Healthcare Data Flu Shot Analysis Using Sql And Tableau

3 minute read

Published:

In this project i have performed data analysis and visualization for healthcare system data of flu shots using SQL and Tableau. Data is downloaded from synthea which is an open source platform for healthcare data. Using this data I will be summaryzing the flu shots analysis in 2022. I have designed and developed a flu shots dashboard which shows :

  • Total % of patients getting flu shots stratified by
    • Age
    • Race
    • County
    • Overall
  • Running Total of flu shots over the course of 2022
  • Total number of flu shots given in 2022
  • A list of patients that show whether or not they recieved the flu shots

Data analysis and validation in SQL

I have created 4 tables in psql databse which are conditions, immunizations, patients, encounter. All downloaded data is in .txt format and imported in these 4 tables respectively. The data was analysed, cleaned and validated using SQL in pgadmin.

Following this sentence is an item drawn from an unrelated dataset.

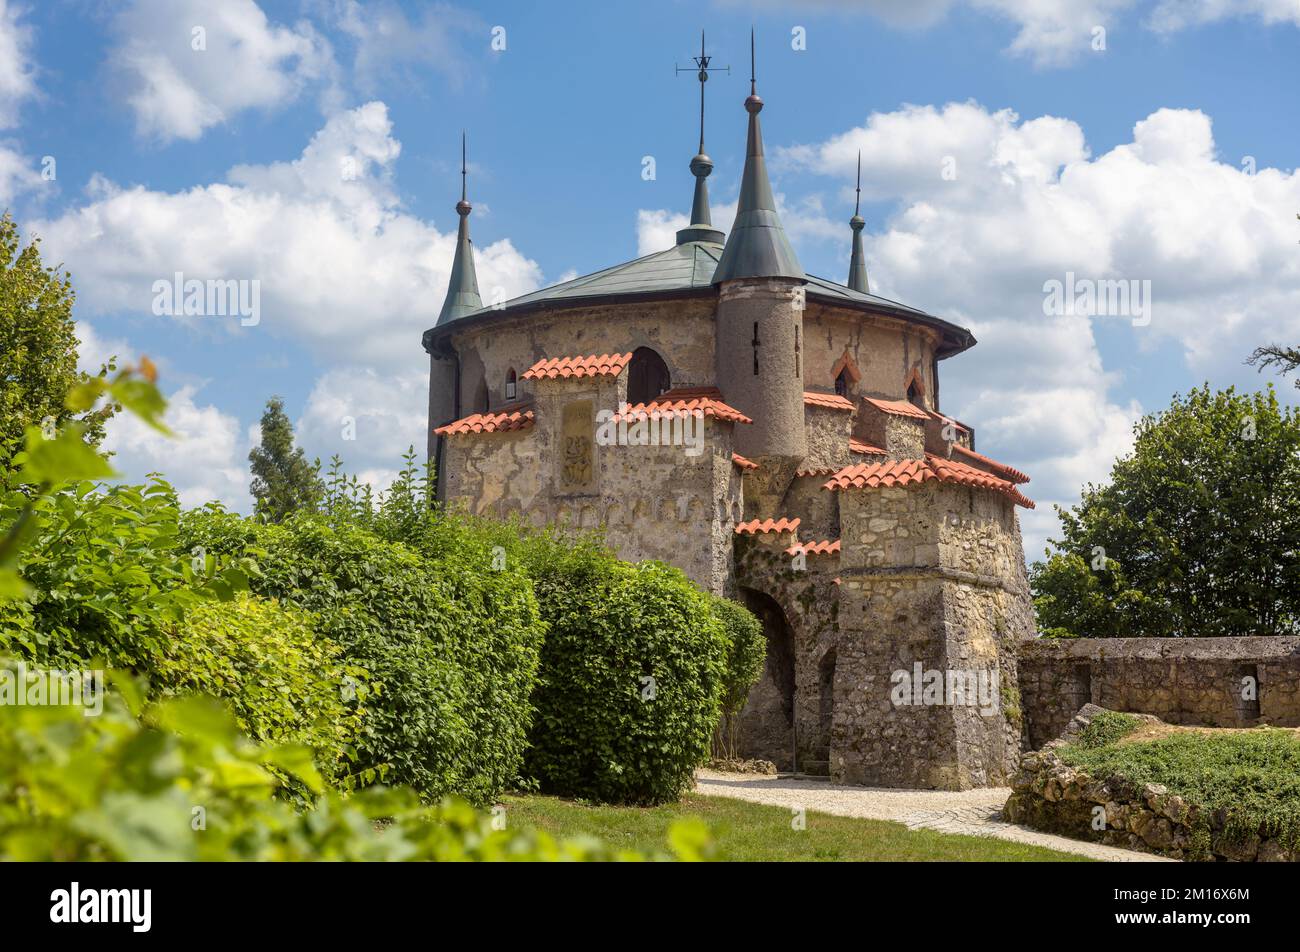 Giardino del castello di Lichtenstein, Germania, Europa. Questo luogo è il punto di riferimento di Schwarzwald. Vista panoramica delle piante verdi, del cielo e della torre in stile medievale Foto Stock

Following queries are written to get the final data file for the visualization purpose considering our objective.

  • Immunization table (CTE) will give me the information about flu vaccines from discription column, we are looking for the data of 2022 so we will be applying conndition accordingly.
WITH flu_shot_2022 AS
(
SELECT patient, min(date) AS earliest_flu_shot_2022 
FROM Immunizations 
WHERE code  = '5302'
     AND date BETWEEN '2022-01-01 00:00' and '2022-12-31 23:59'
GROUP BY patient
), 
  • The following CTE is giving us the active patients from 2020 to 2022 and is making sure the flu shot is given to patients with age >= 6.
active_patients AS
(
	SELECT  DISTINCT patient, extract(year from age('2022-12-31',p.birthdate)) as age
	FROM encounters AS enc
	JOIN patients AS p
	On enc.patient = p.id
	WHERE start BETWEEN '2020-01-01 00:00' AND '2022-12-31 23:59'
	AND p.deathdate is NULL
	AND extract(year from age('2022-12-31',p.birthdate)) >= 6
)

This final query, uses the above CTEs and produces the final data output which will be the input data required for visualization.

SELECT p.id,
	   p.first,
	   p.last,
	   p.birthdate,
	   p.race,
	   p.county, 
	   p.ethnicity,
	   extract(year from age('2022-12-31',p.birthdate)) as age,
	   flu.earliest_flu_shot_2022,
	   flu.patient,
	   case when flu.patient IS NOT NULL THEN 1
	   ELSE 0
	   END AS flu_shot_2022
FROM patients AS p
LEFT JOIN flu_shot_2022 AS flu
ON p.id = flu.patient
WHERE 1=1
	AND p.id IN (SELECT patient FROM active_patients );
	  

The data is then downloaded in csv format from the above query result table and given as input file to tableau for further visualization.

Data Visualization:

The dashboard gives us insight into summary of healthcare system for flu shots for Massachusetts in 2022. Each sheet of dashboard gives us the following insights.

  1. Flu shots by Age: This is the data plotted in 5 bins considering age of the patients. Each bar represent the percentage of flu shots recieved by patients in the different age groups.

  2. Flu Shots by Race: This plot represnt the flu shots recieved by patients considering race as factor. The plot gives the percentage of flu shots given to asian, black, hawaiian, native, other and white patiemts.

  3. Flu shots % by county: The map plot gives the actual percentage of flu shots recieved in different counties in Massachusetts.

  4. Flu shots list: This lists all the patients, along with their age, and highlights whether the patient received a flu shot or not. 1 indicates the patient received the flut shot and 0 indicates the patient has not yet received the flu shot.

  5. Running Sum of flu shots 2022: This plot gives the area curve plot for running sum of number of patients who recied the flu shot every month.The plot shows trend more patiennts have taken the flu shots at the end of 2022 during the winter. The plot shows the curve between number of patients and earliest shot taken that month of 2022.